- SOURCE RECORDS -
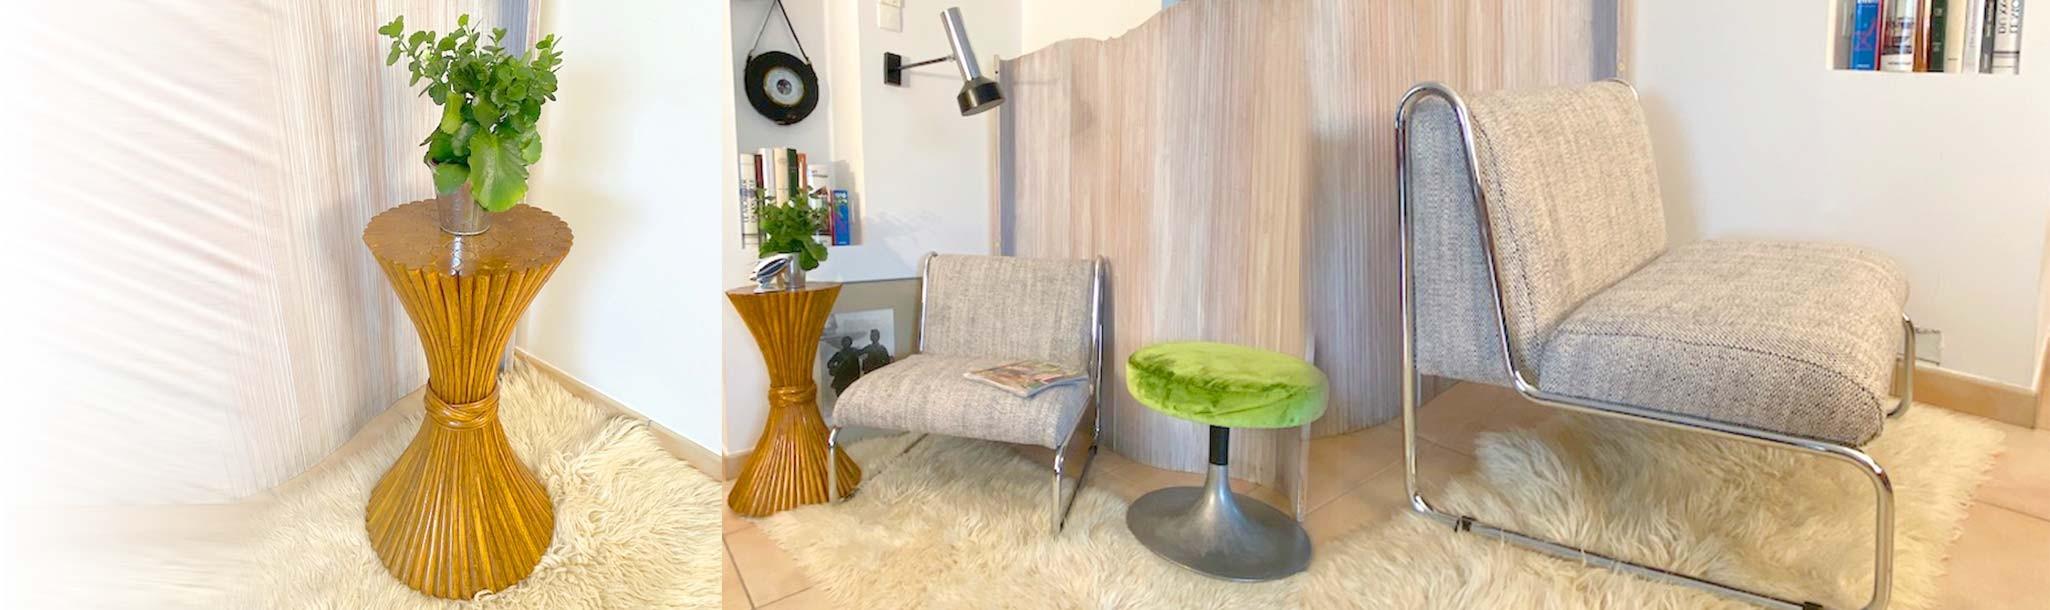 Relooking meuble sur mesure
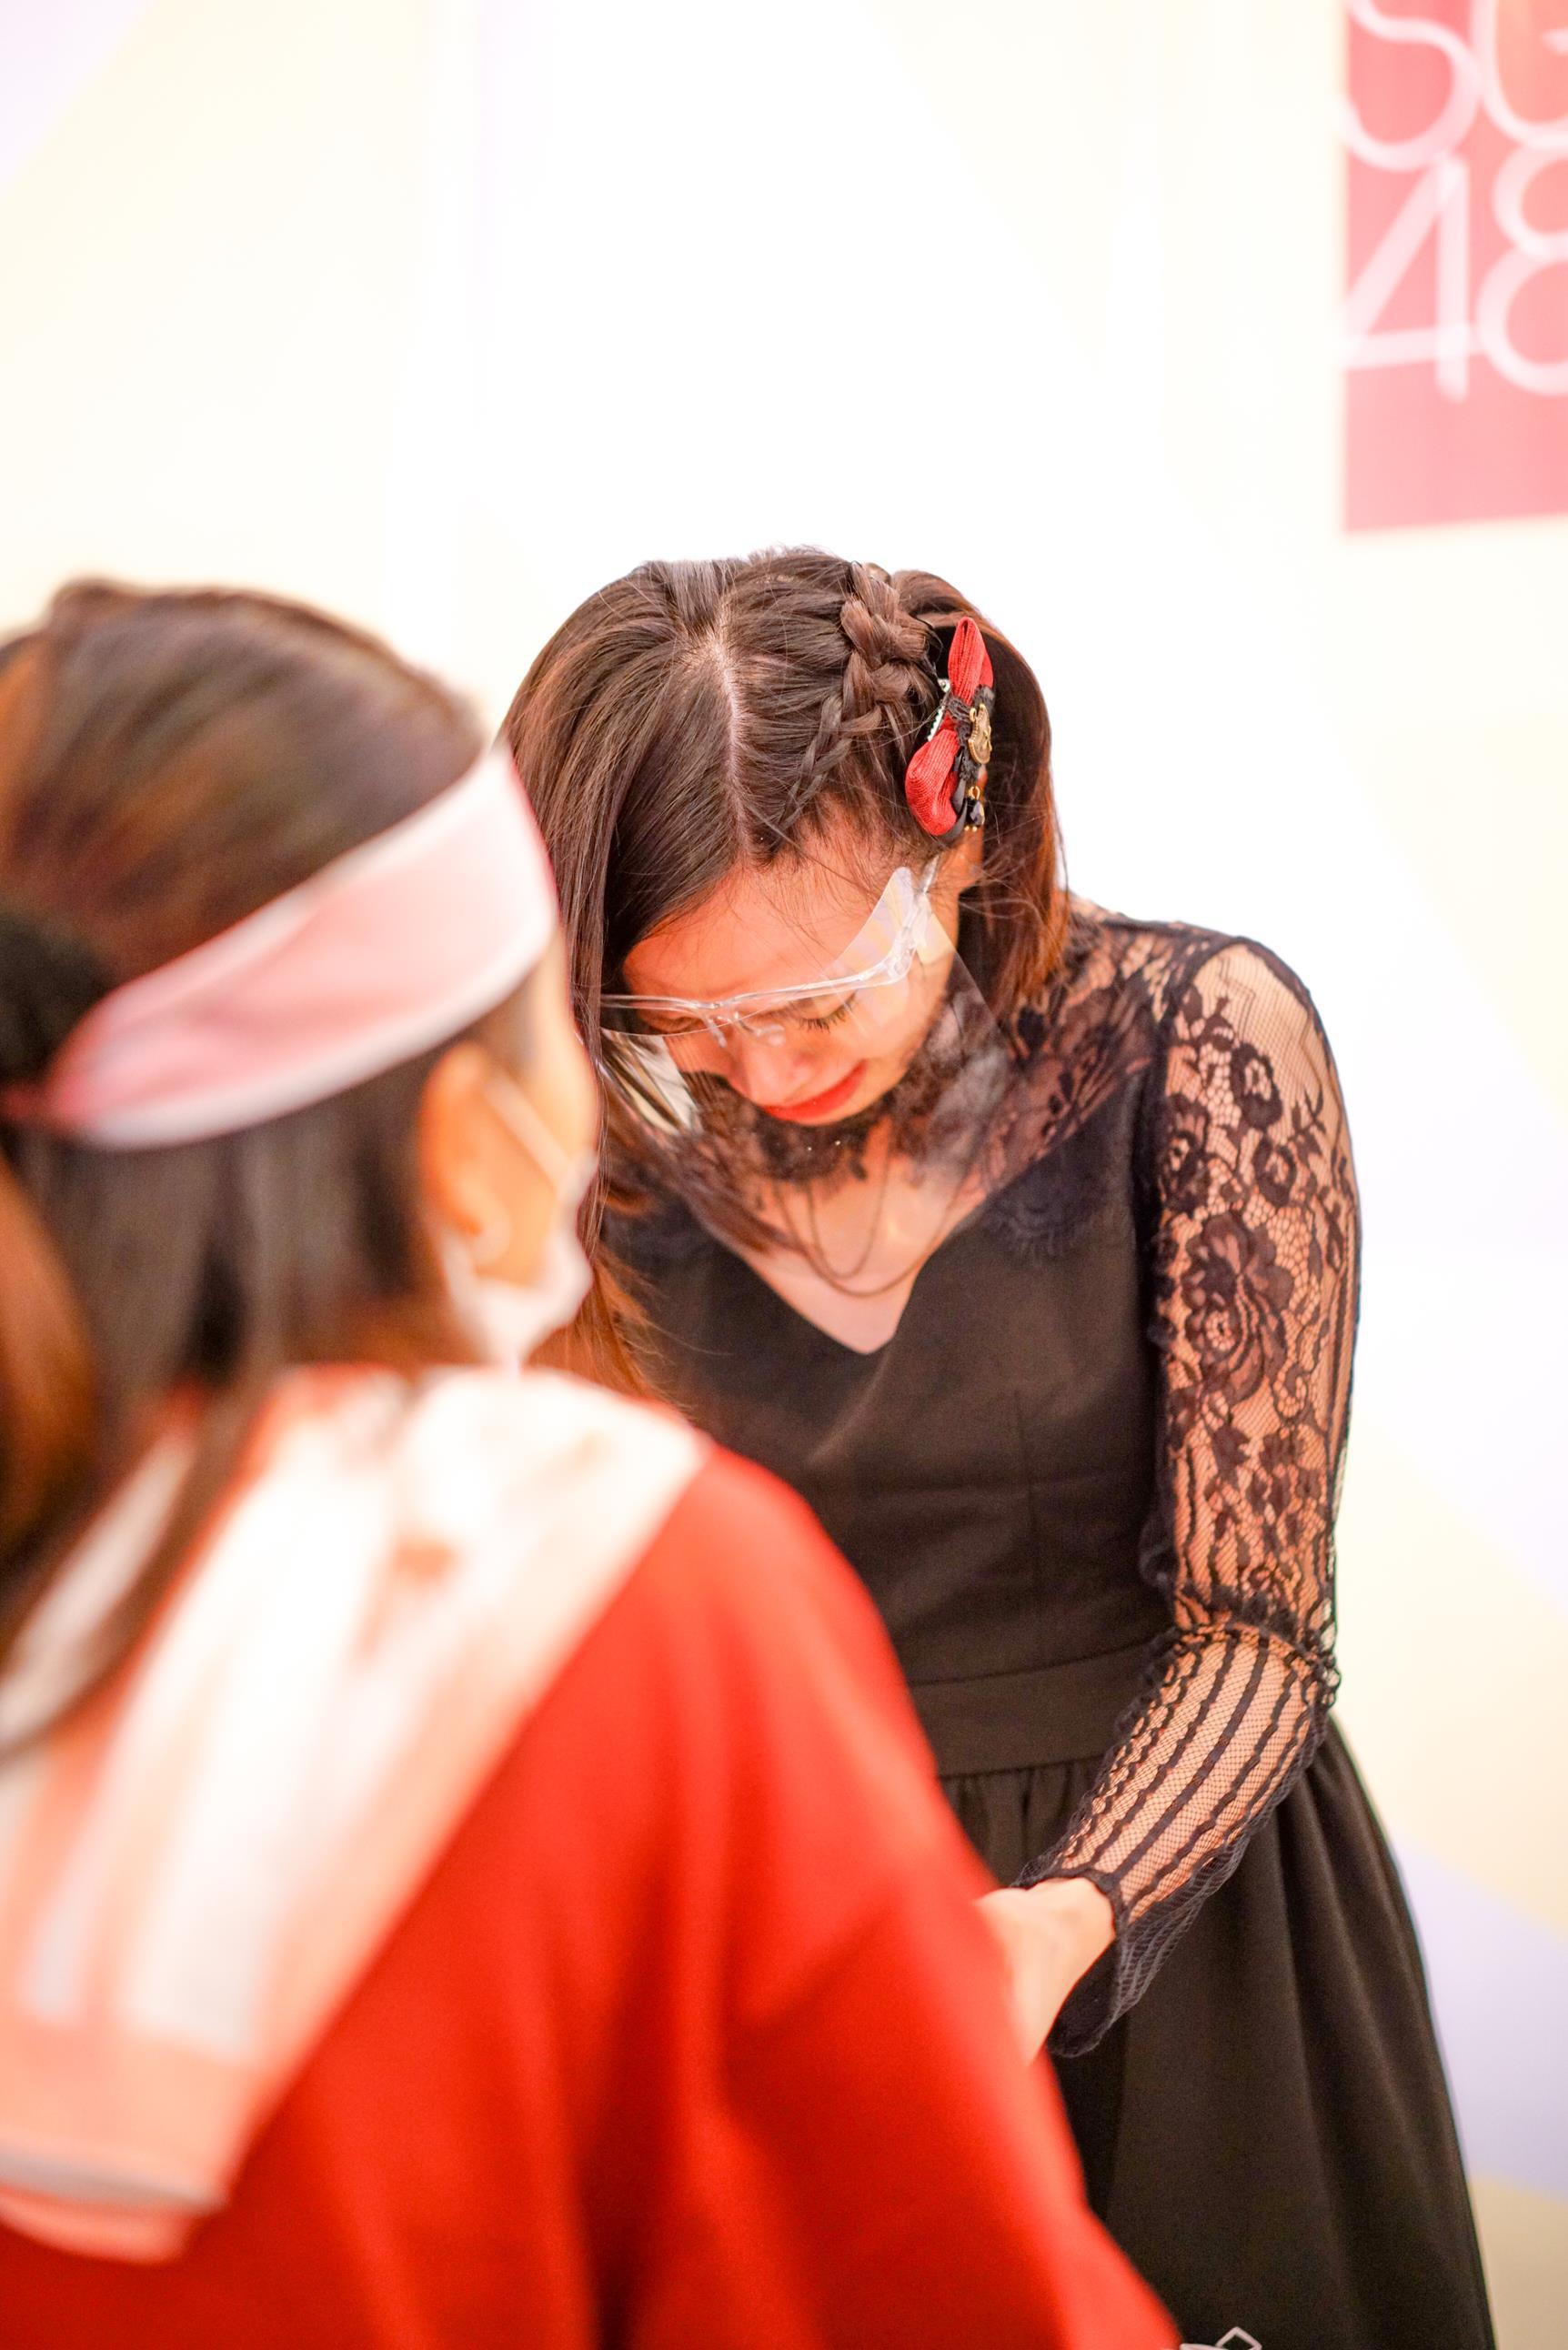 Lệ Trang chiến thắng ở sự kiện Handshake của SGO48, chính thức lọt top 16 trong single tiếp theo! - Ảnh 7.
--
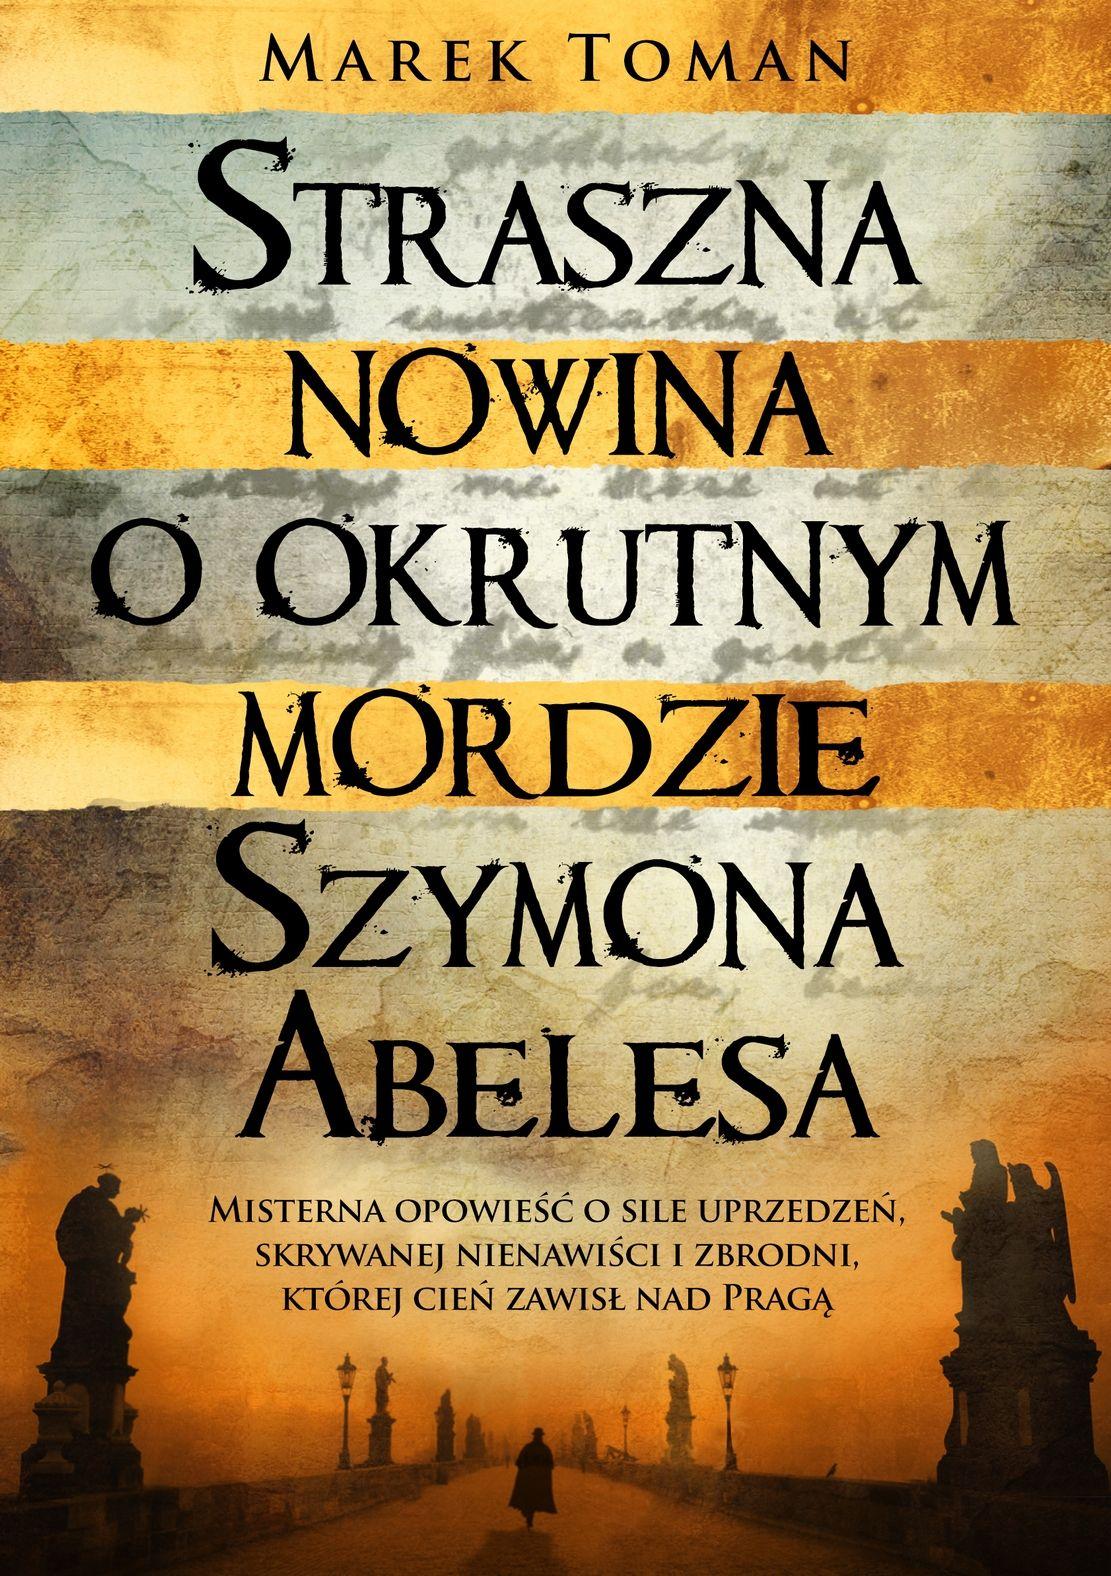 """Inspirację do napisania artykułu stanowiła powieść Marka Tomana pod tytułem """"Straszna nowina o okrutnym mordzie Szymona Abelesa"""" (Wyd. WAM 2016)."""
* * *
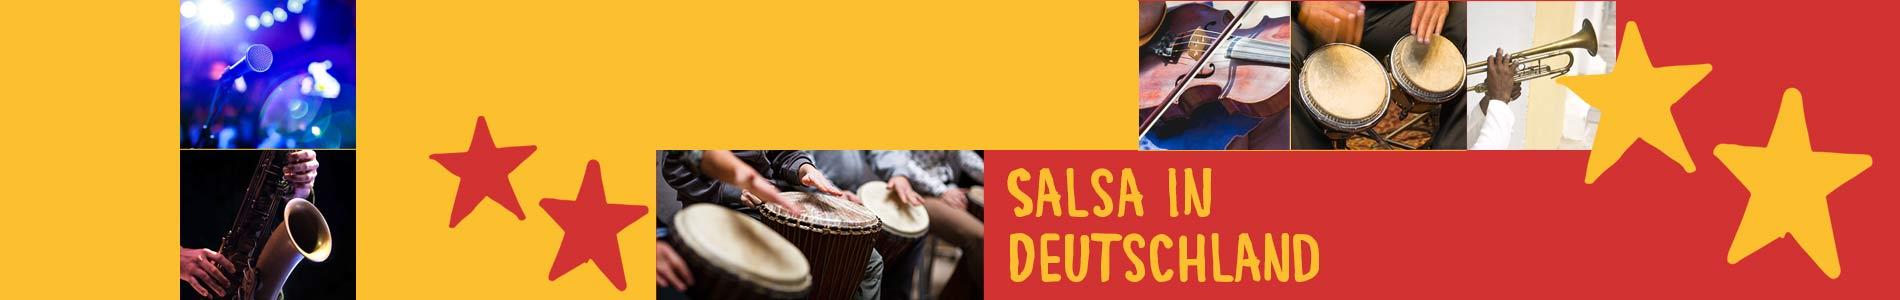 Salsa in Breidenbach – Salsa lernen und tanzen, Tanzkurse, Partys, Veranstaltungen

- DIRECTIONS -
In the listing above, find the line with "Relooking meuble sur mesure" and the line with "Lệ Trang chiến". Copy both of them and every line between, exactly, but not the pictures.

- WRITTEN ANSWER -
 Relooking meuble sur mesure
 Lệ Trang chiến thắng ở sự kiện Handshake của SGO48, chính thức lọt top 16 trong single tiếp theo! - Ảnh 7.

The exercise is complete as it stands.